Par Thomas Rudolf, le Cimbre
Pour équilibrer leurs comptes, les fonds spéculatifs et les fonds souverains raflent des millions de terres arables et cultivables dans les Pays ACP (Afrique, Caraïbes, Pacifique) et dans les PED (Pays En Développement). La Société Générale conseille à ses clients dans son Rapport de 68 pages signé par un cadre de la division Cross Asset du pôle Credit and investment de reporter leurs investissements spéculatifs sur les farm commodities et les denrées alimentaires.
Les pays riches font semblant de se quereller avant le Sommet climatique de Copenhagen pour dévier l'attention face à la Crise financière et pour retarder encore de quelques semaines l'effondrement imminent global, celui des économies nationales et privées.
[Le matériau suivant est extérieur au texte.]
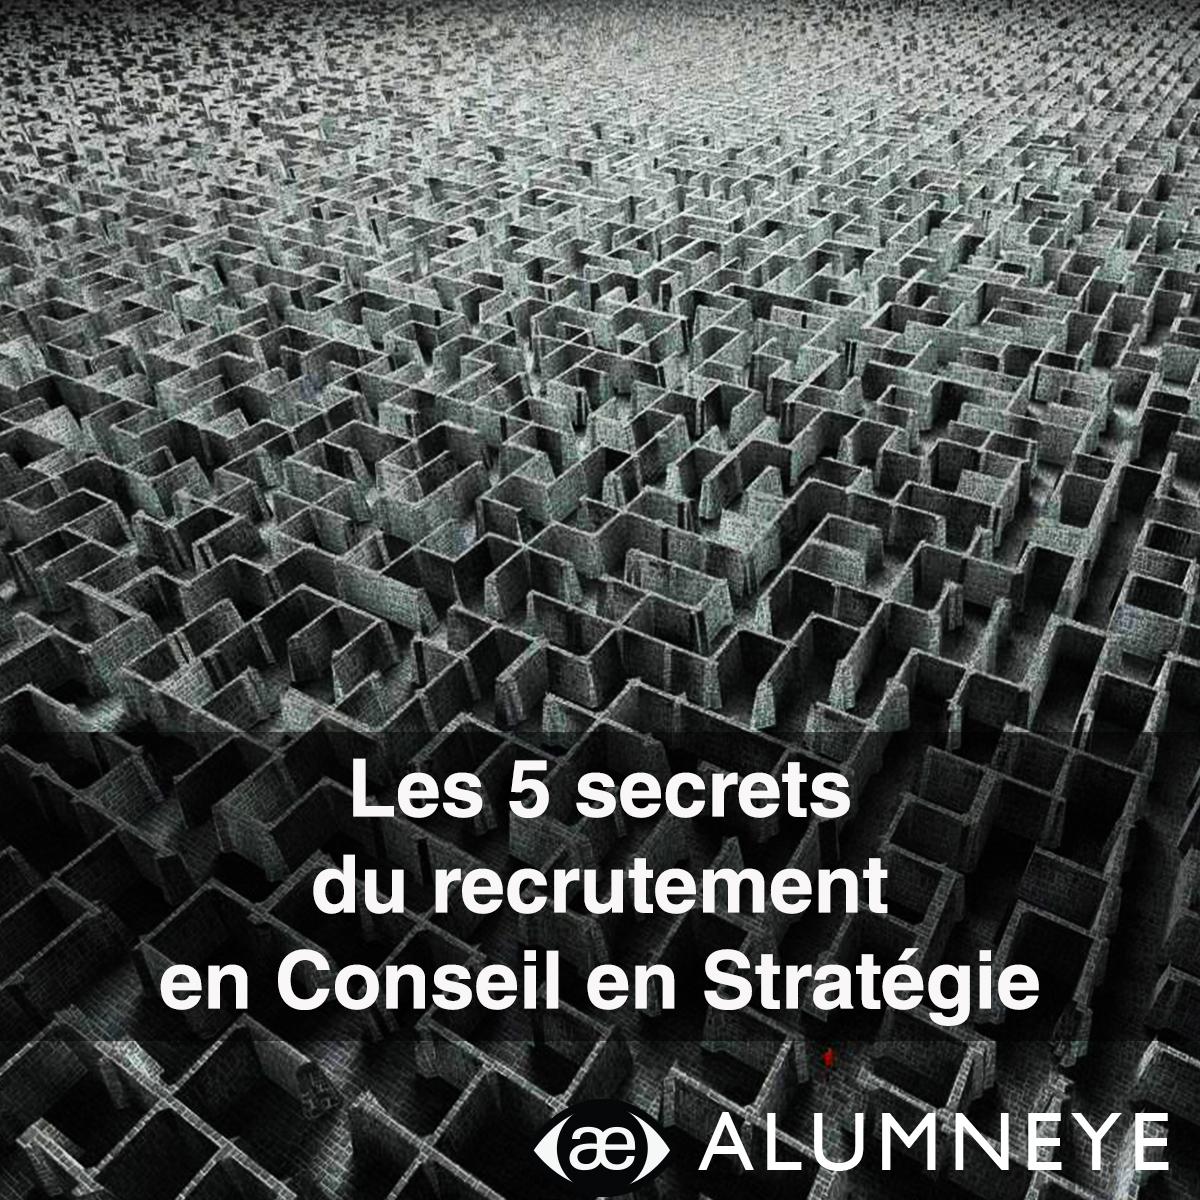 les 5 secrets du recrutement en conseil en strat u00e9gie

Obama réduit ses objectifs environnementaux.
Le Green Bail Out n'aura pas lieu.
Le nombre des affamés a augmenté de plusieurs centaines de millions depuis deux ans a cause de la libre circulation des biens, des marchandises, des capitaux et des services financiers voulue par l'OMC, les Accords sur les ADPIC, des Accords de Partenariat Économique avec l'Europe.
L'Afrique est de nouveau effondrée et nous avons vu au récent Sommet de la Faim à Rome que les 8 Objectifs du Millénium, les G8 de Gleneagles ou le G8 de Heiligendam, le G4 de Potsdam sont de nouveau oubliés. Les ambitions de réduire de moitié la pauvreté pour 2015 se sont transformées en augmentation rapide de la pauvreté depuis le début de la crise à la fin de l'année 2006. Les G20+ n'invitent pas le continent africain à la table des discussions. Dans ce Global Meltdown, les capitaux étrangers délaissent les pays africains, là où il n'y a pas de pétrole, de diamants, de la bauxite, du minerai d'uranium... à piller. Les échanges transcontinentaux sont morts et l'indice du fret maritime transcontinental, le Baltic Dry Index a perdu 90% de son niveau d'avant 2008. Le BDI est une moyenne mondiale, une grande partie de cet indice est constituée par le transport de matières "sèches" (dry), donc par l'exportation de minerais et de matières agricoles non transformées. Les pays africains sont plus violemment percutés par la crise financière et économique mondiale, mais les médias des pays industrialisés n'en parlent pas. Les pays africains vendent en ce moment le dernier bien qu'il leur reste pour rester à flot: le sol.
Voici in extenso un communiqué d'un site ami, abcBurkina SEDELAN, de la Coopérative agricole burkinabée.« Foras a informé l'Institut international de recherche sur le riz (IRRI) de son acquisition de 500 000 ha de terres agricoles au Sénégal et de 200 000 ha de terres agricoles au Mali pour la production de riz »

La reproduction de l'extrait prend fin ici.